先生のビー玉
彼の言った通り、彼のクラスになった。
誰よりも早く名前を覚えられたせいか、話す機会も多かった。
が…
長身のイケメンである。
手の届かない場所にある存在でもあった。

だから…

彼の顧問でもあるパソコン部に入部、毎日無欠席。
教科担の成績が良くなるように努力。

親友の神田貴子に呆れられるくらいだった。

「おい、聞いてんのか」

頭を小突かれる。

「聞いてる」

「でもよく出来たなぁ」

「褒めてくれるの?」

「まぁな。
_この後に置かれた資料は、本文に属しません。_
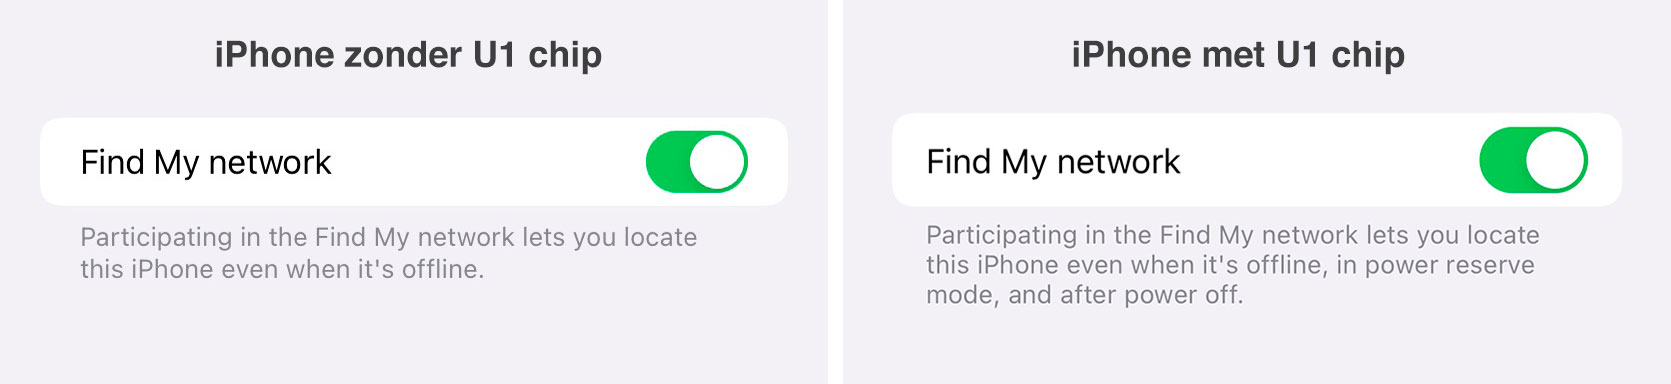 https://www.macfreak.nl/modules/news/images/zArt.iOS15iPhoneFindMySetting.jpg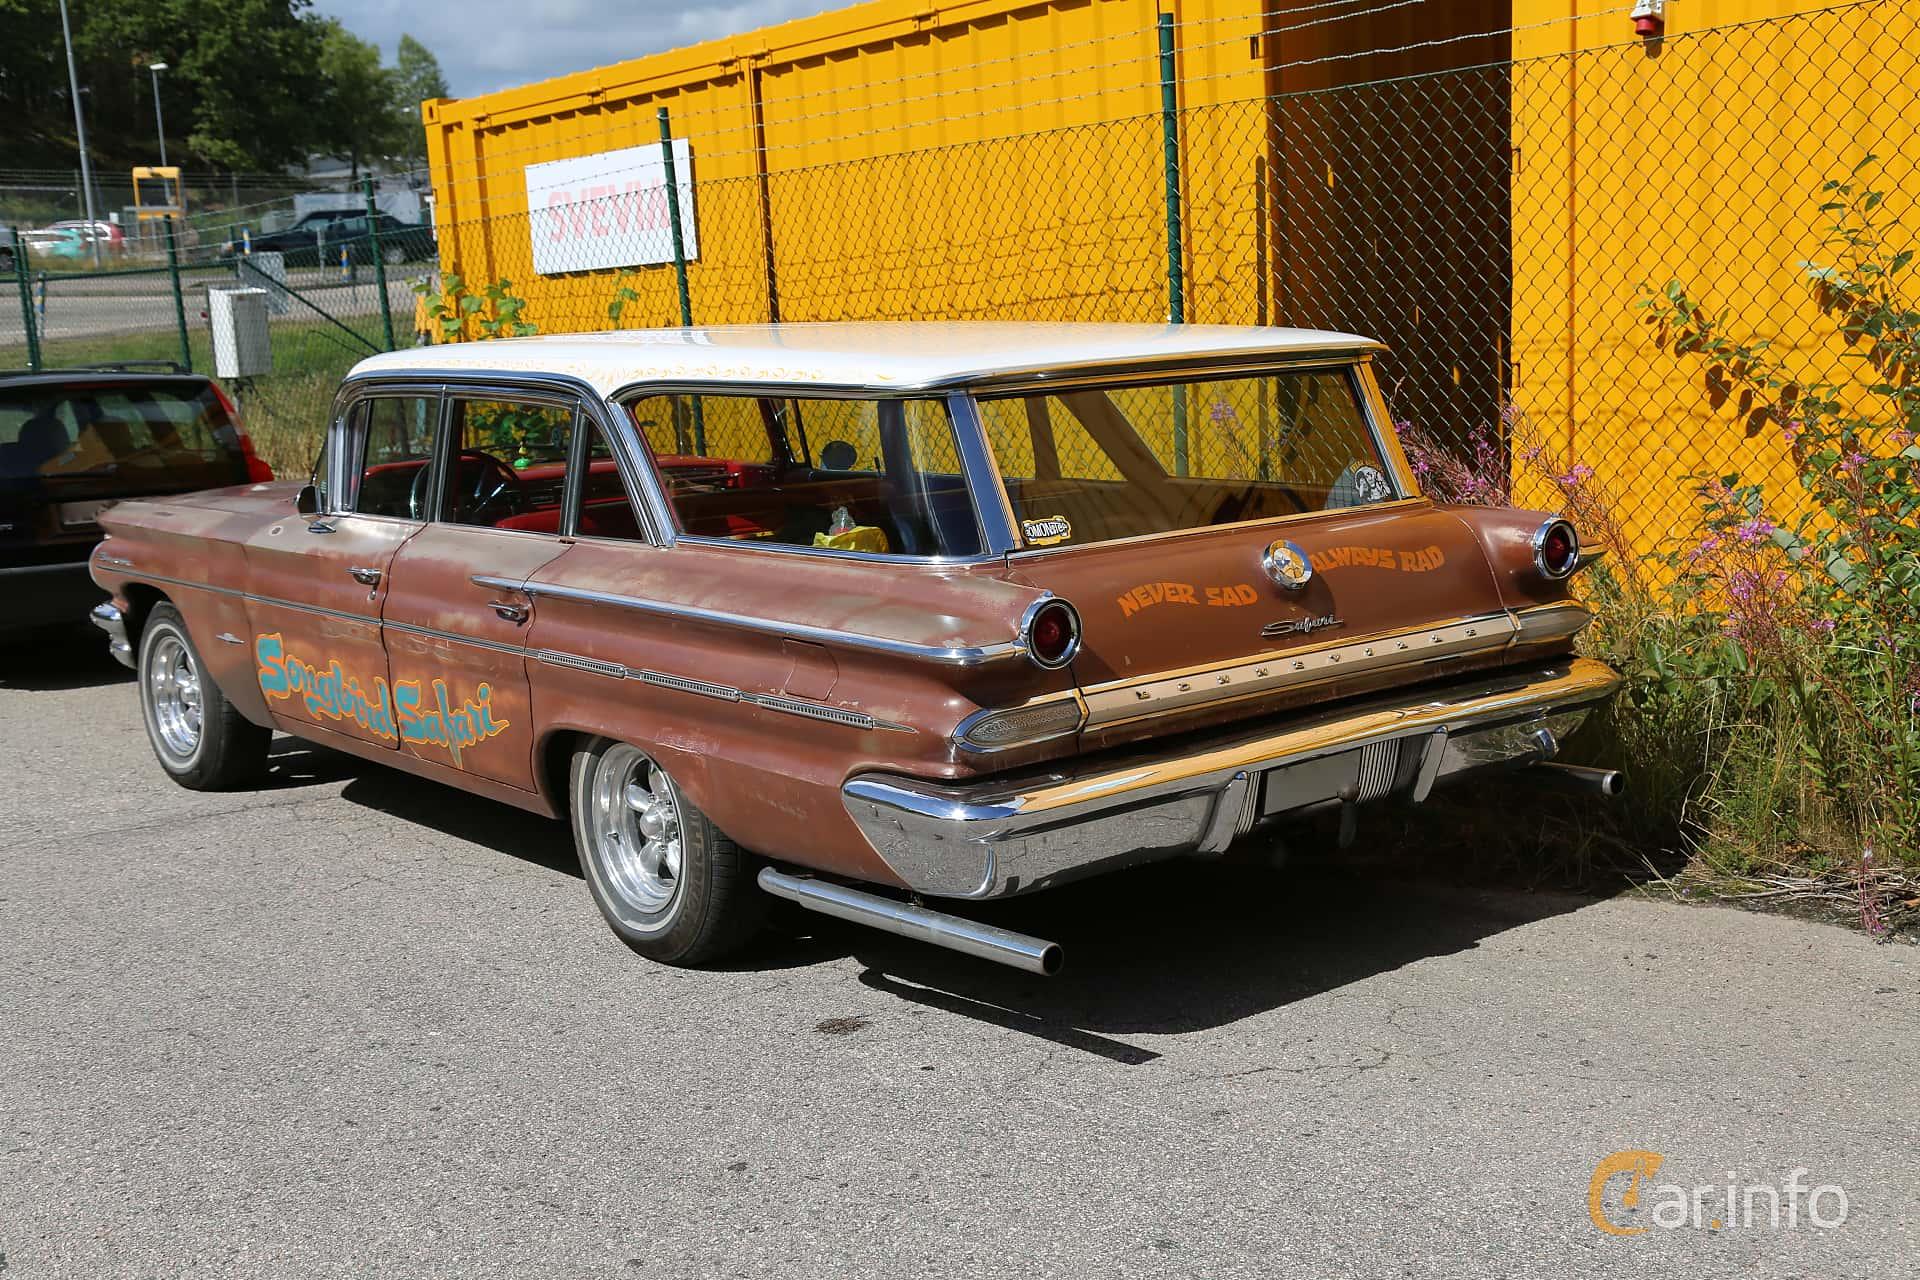 2 Images Of Pontiac Bonneville Station Wagon 64 V8 Automatic 305hp 1960 Back Side 305ps

ほら、そろそろ帰るぞ。
もう7時だ」

時計を見ればもう7時。
帰宅時間である。
後輩達はあっという間に帰ってしまい、残ったのは彼と佳奈と絵里。

「帰るの…早すぎるし」

佳奈が言うと、

「確かに…じゃ、戸締り頼むな」

そう言われ、部室の戸締り確認をする。
それを終え、準備室へ向かうと彼と絵里が仲良く話している。

「お前も大変だよな」

彼が絵里に言う。

「先生ほどじゃないですよ」

と笑顔で言うが、どうして生徒会室ではなくここでやるのだろうか?と疑問に思うが…
まぁ、彼女が何をしようと誰も何も言わないのが普通だ。